### [RECORDED INFORMATION]
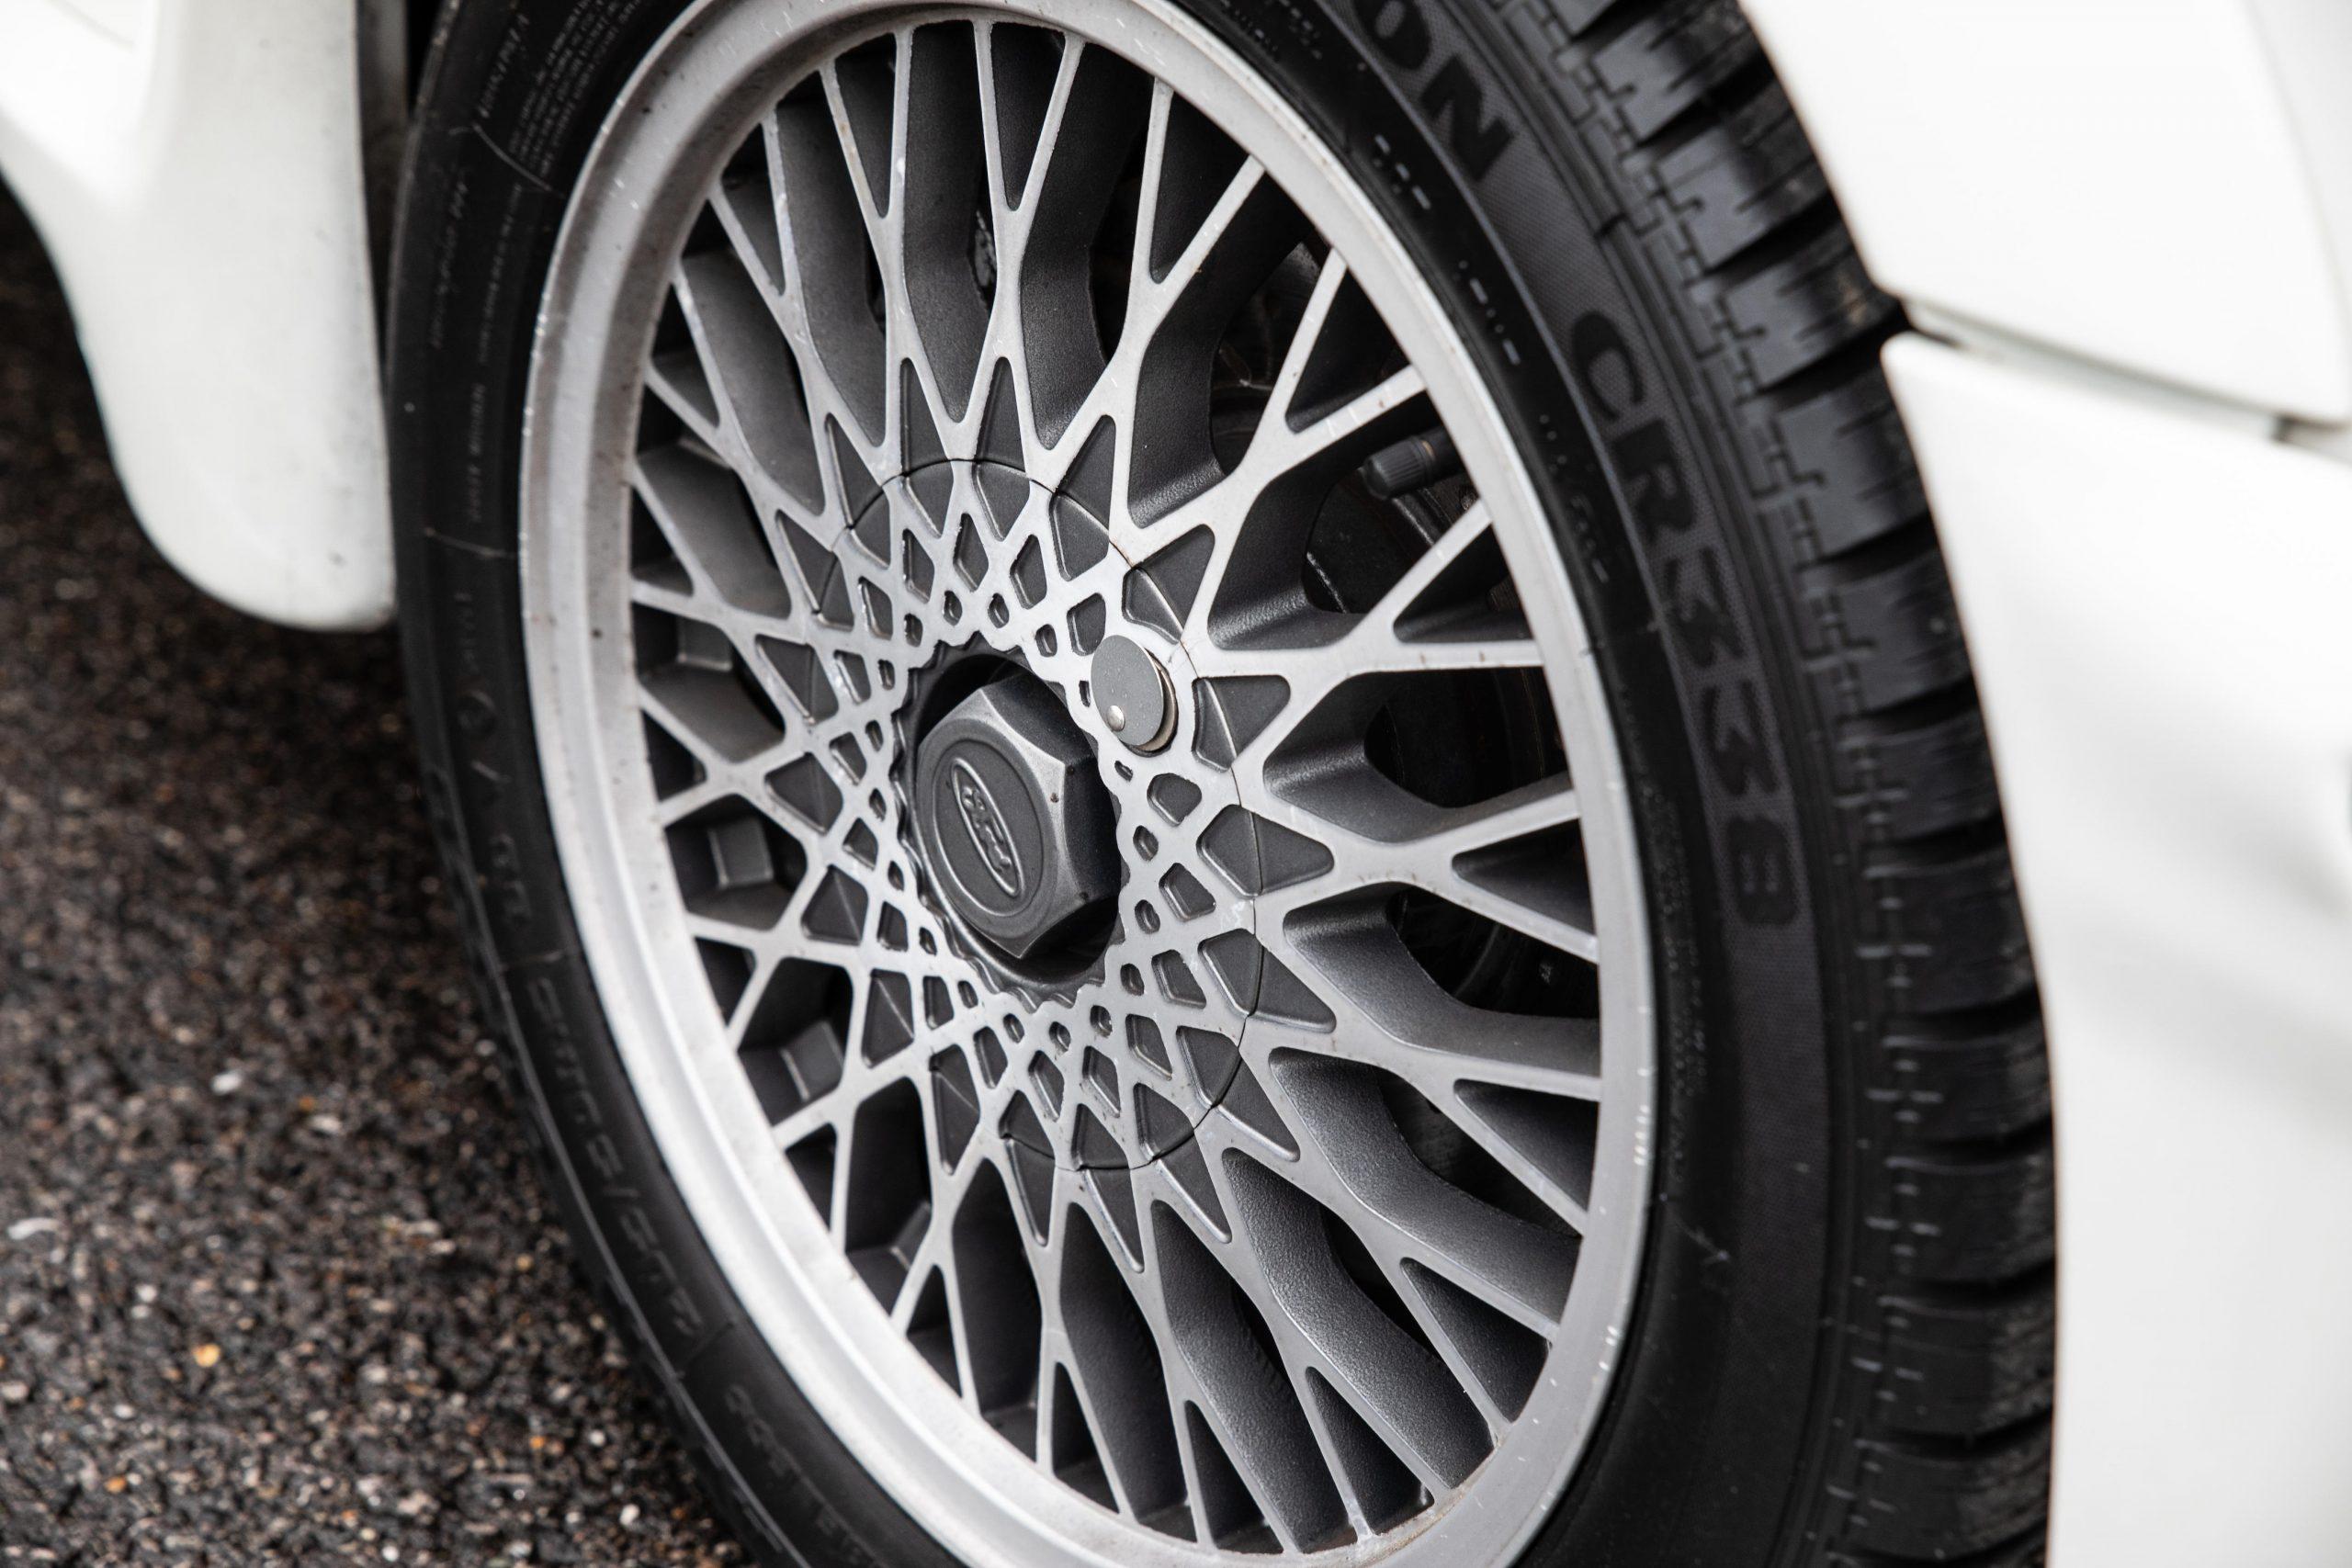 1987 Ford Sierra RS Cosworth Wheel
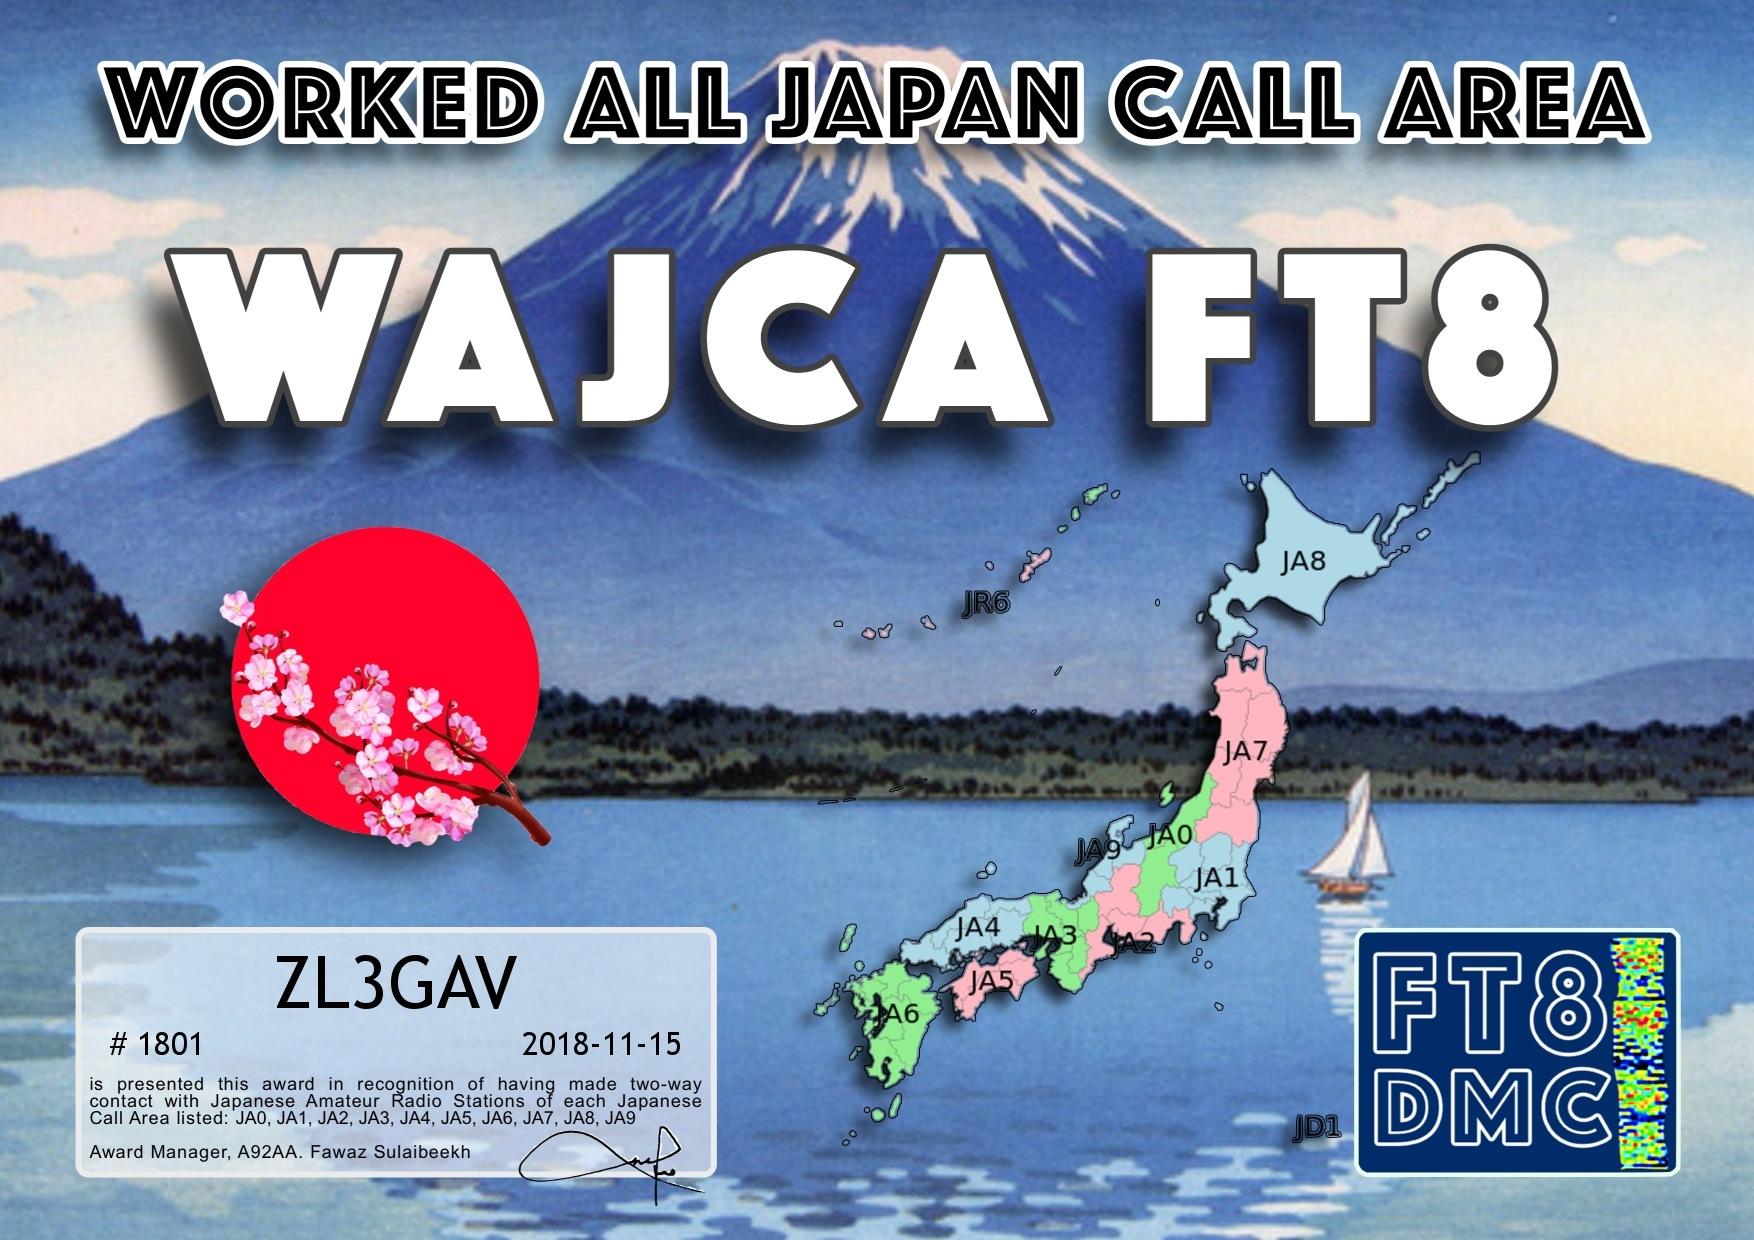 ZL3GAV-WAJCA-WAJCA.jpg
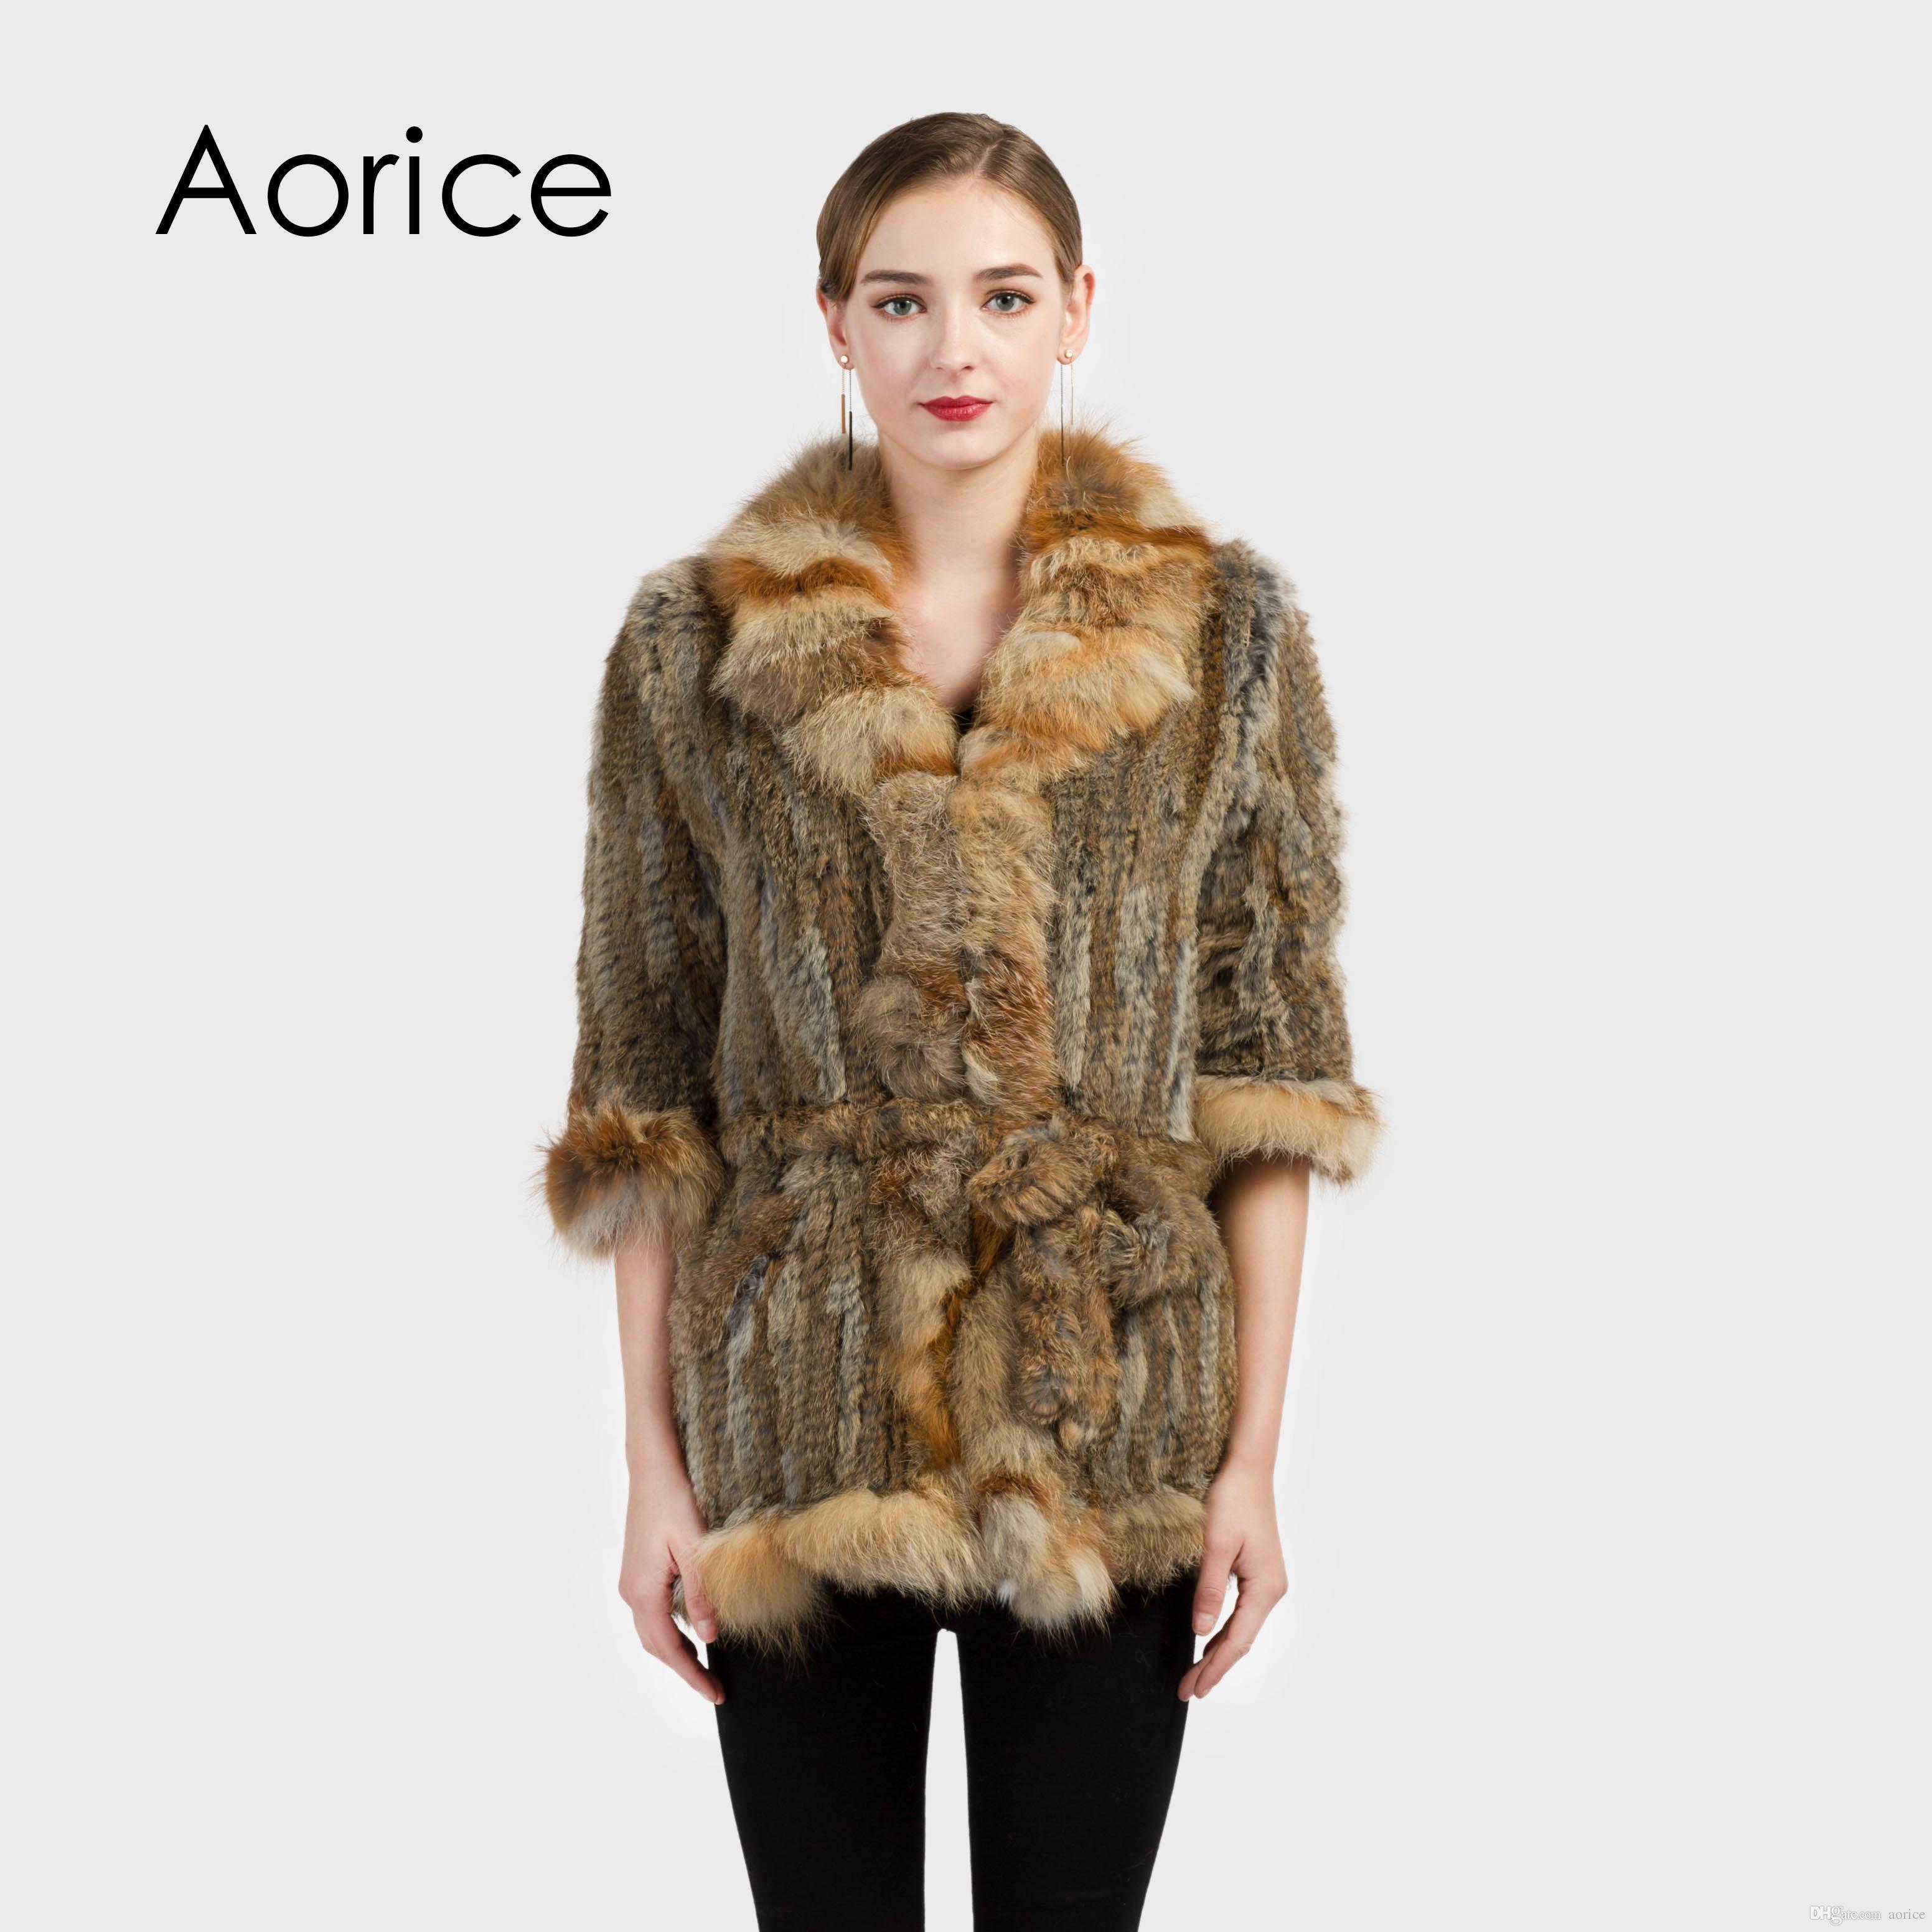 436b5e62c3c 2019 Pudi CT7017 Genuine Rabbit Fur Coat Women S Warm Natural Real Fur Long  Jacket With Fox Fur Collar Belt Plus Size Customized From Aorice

### [WHAT YOU ARE ASKED TO DO]
Find the line with "ZL3GAV-WAJCA-WAJCA.jpg" in the listing and extract it and all lines after it through the end, exactly, without the pictures.

### [WRITTEN ANSWER]
 ZL3GAV-WAJCA-WAJCA.jpg
 436b5e62c3c 2019 Pudi CT7017 Genuine Rabbit Fur Coat Women S Warm Natural Real Fur Long  Jacket With Fox Fur Collar Belt Plus Size Customized From Aorice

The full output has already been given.